2. Extracting second speech features of the positive speech examples:
An example of positive speech is target hearing-aid speech that matches the source speech sequence, whose speech features are also extracted by the computer system. Continuing with the example above, the "open window" is the target hearing aid voice that matches the "please open window" and the system will extract the corresponding features from the voice, such as pitch, articulation, etc., and form a second voice feature vector, such as [0.7, 0.4, 0.6.
3. Extracting third speech features of the negative speech examples:
Negative examples of speech are target hearing-aid speech from different speech two-tuple samples, which the computer system also extracts features. Assuming that the negative speech example is "door-closed," the computer system extracts its unique speech features, such as pitch fluctuations, loudness of sound, etc., from the segment of speech and forms a third speech feature vector, such as [0.2, 0.9, 0.1. These feature vectors are the basis for subsequent processing and learning by the machine learning model. By comparing and analyzing these feature vectors, the model is able to learn how to extract useful information from the complex speech signal and to perform speech recognition and conversion accordingly.
Step S1513, based on the first voice feature and the second voice feature, acquiring a first commonality metric coefficient between the first to-be-identified source voice sequence and the positive voice example of the first to-be-identified source voice sequence, and based on the first voice feature and the third voice feature, acquiring a second commonality metric coefficient between the first to-be-identified source voice sequence and the negative voice example of the first to-be-identified source voice sequence.

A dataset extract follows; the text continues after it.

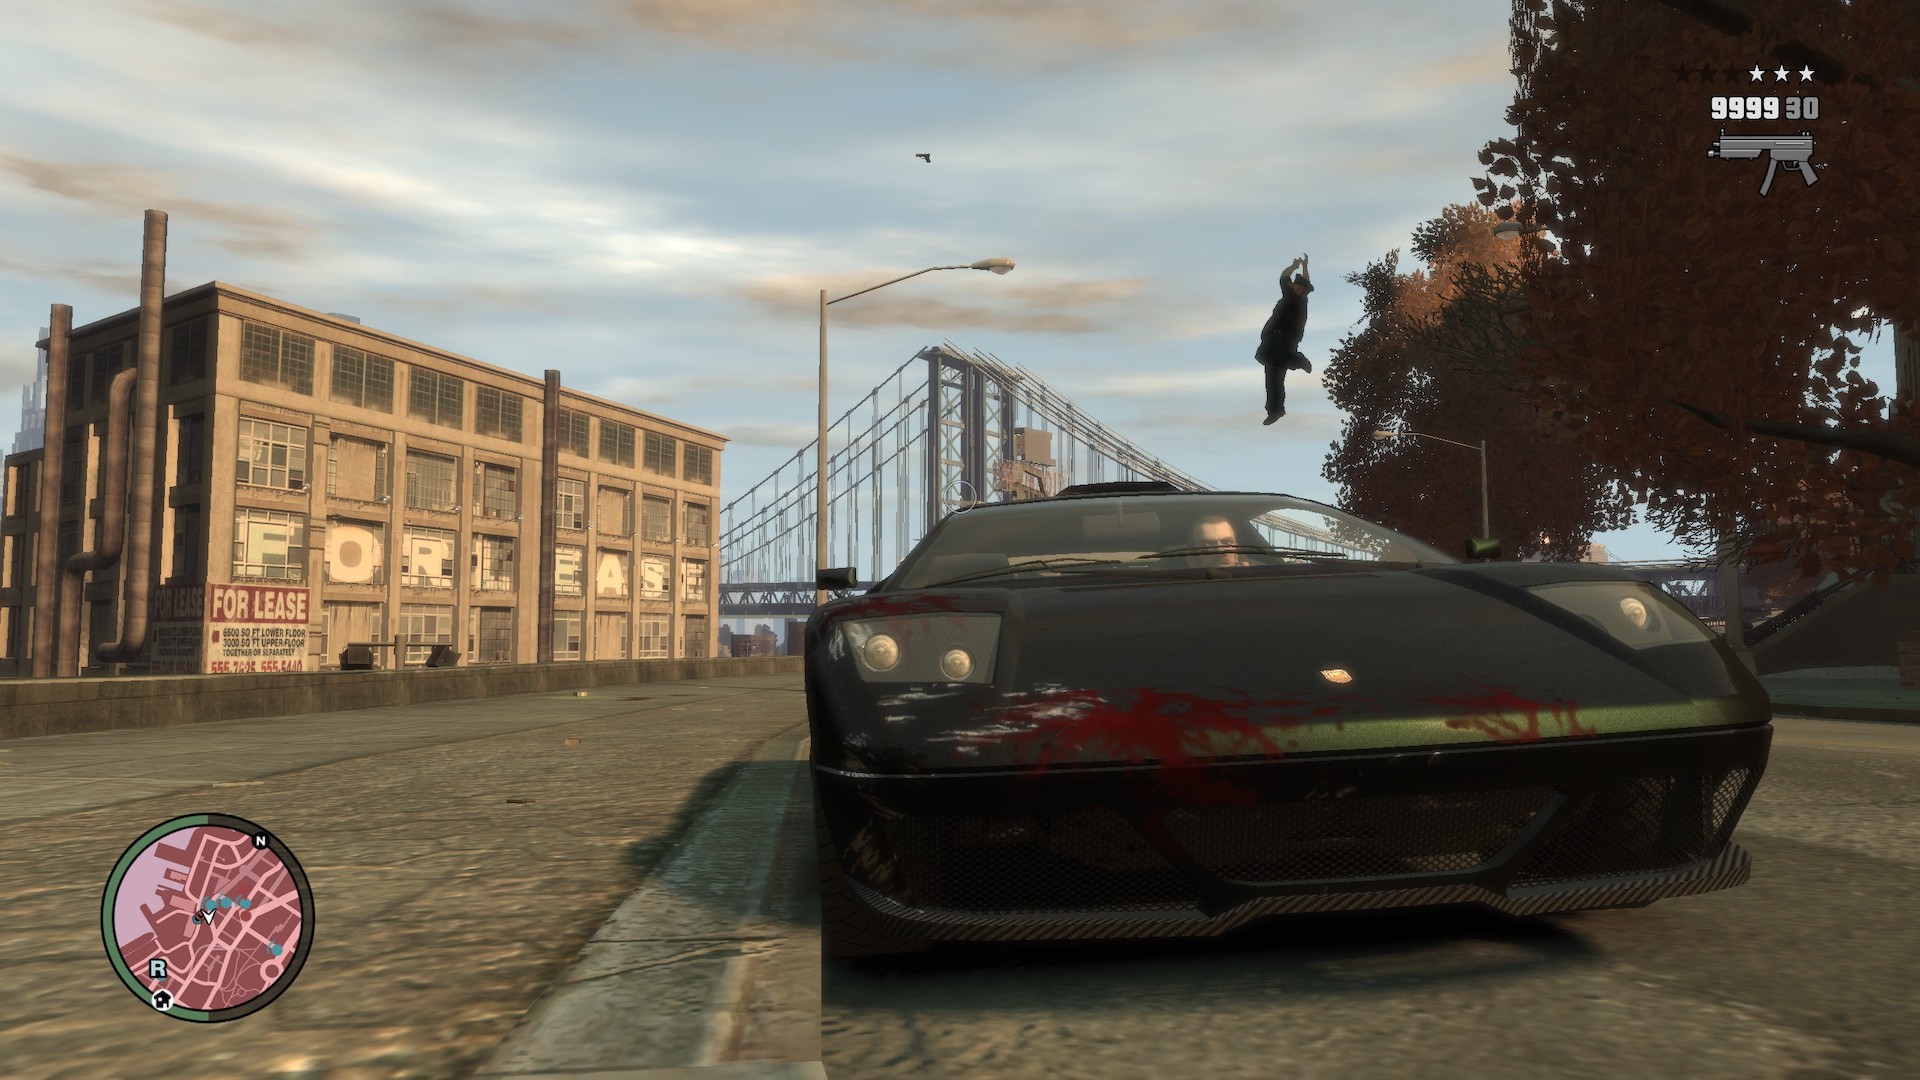 GTA IV in Liberty City with a cop in the air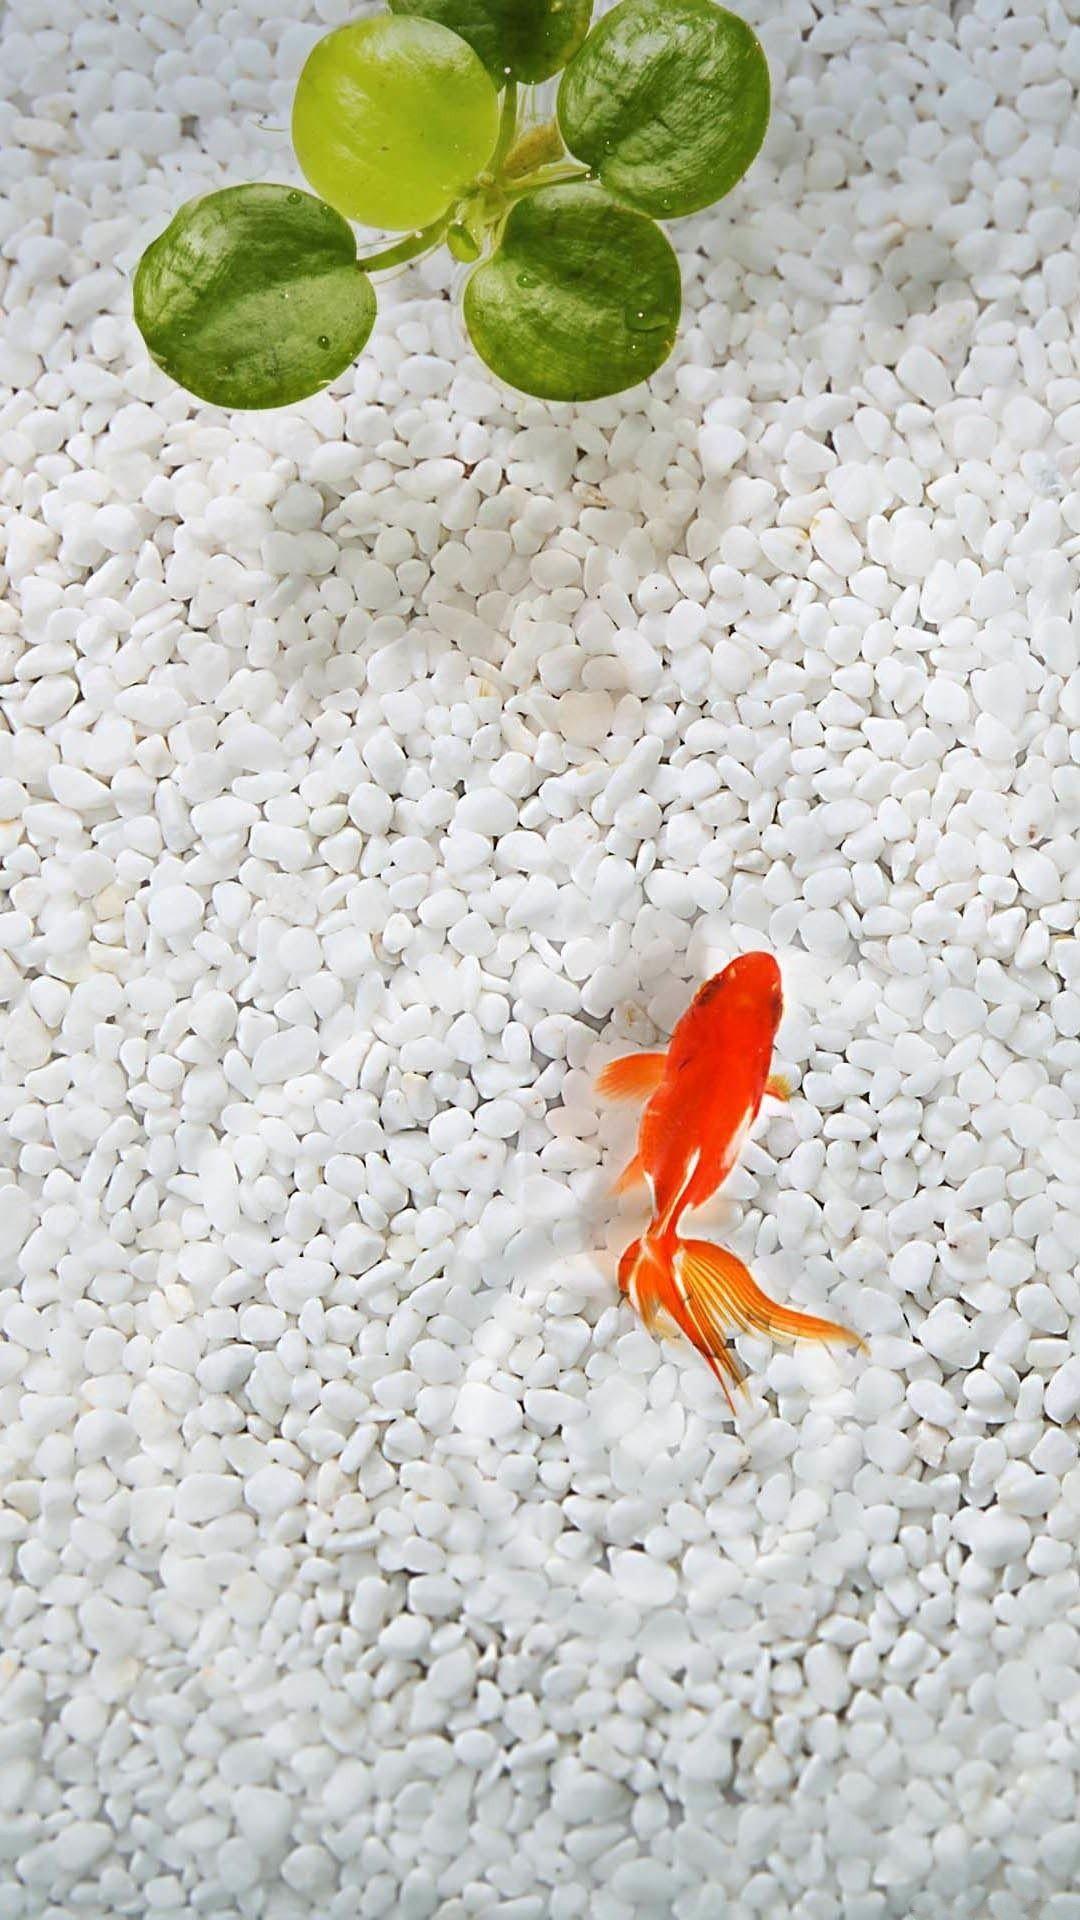 Realistic Gold Fish iPhone Wallpaper. Tap to see more

In step S1513, the computer system calculates the similarity using the previously extracted speech features. Specifically, the following operations are performed:
First, a first similarity measure coefficient between a first to-be-recognized source voice sequence and an active voice example thereof is calculated, namely a similarity evaluation result:
The first co-metric coefficient reflects a degree of association between the source speech sequence and the target hearing assistance speech that it matches. For example, if the first sequence of source speech to be identified is "please open a window", an example of which is "windowed", the computer system compares the first speech feature and the second speech feature of both, such as pitch, speech speed, etc., and calculates a value to represent the similarity between them. This value is the first co-measure coefficient, which may be a value between 0 and 1, with a closer to 1 indicating a more similar.
Then, a second common metric coefficient between the first to-be-identified source voice sequence and the negative voice example thereof is calculated:
The second commonality metric reflects a degree of similarity between the source speech sequence and the target hearing assistance speech from the other speech two-tuple samples. Assuming that the negative speech example is "door closed", the computer system compares the first speech feature of "please open the window" with the third speech feature of "door closed", and also calculates a similarity value. This value is the second co-metric coefficient, which should also be a value between 0 and 1, but typically this value will be smaller than the first co-metric coefficient, since the matching degree of the negative speech example to the source speech sequence should be lower than the positive speech example.
In practical applications, the method for calculating the similarity may include cosine similarity, euclidean distance, and the like. For example, cosine similarity is the evaluation of the cosine value of the angle between two vectors by calculating them. The computer system uses the extracted speech feature vectors to calculate these similarity coefficients according to specific algorithms and formulas.
These commonality metrics play an important role in the subsequent training and optimization process, and they help the system to understand which features are critical to distinguishing between different speech sequences, thereby improving the accuracy of speech recognition and conversion. In a hearing-aid scene, accurate similarity calculation is helpful for a system to better recognize a voice instruction of a user and convert the voice instruction into clear and understandable target hearing-aid voice, so that user experience is improved.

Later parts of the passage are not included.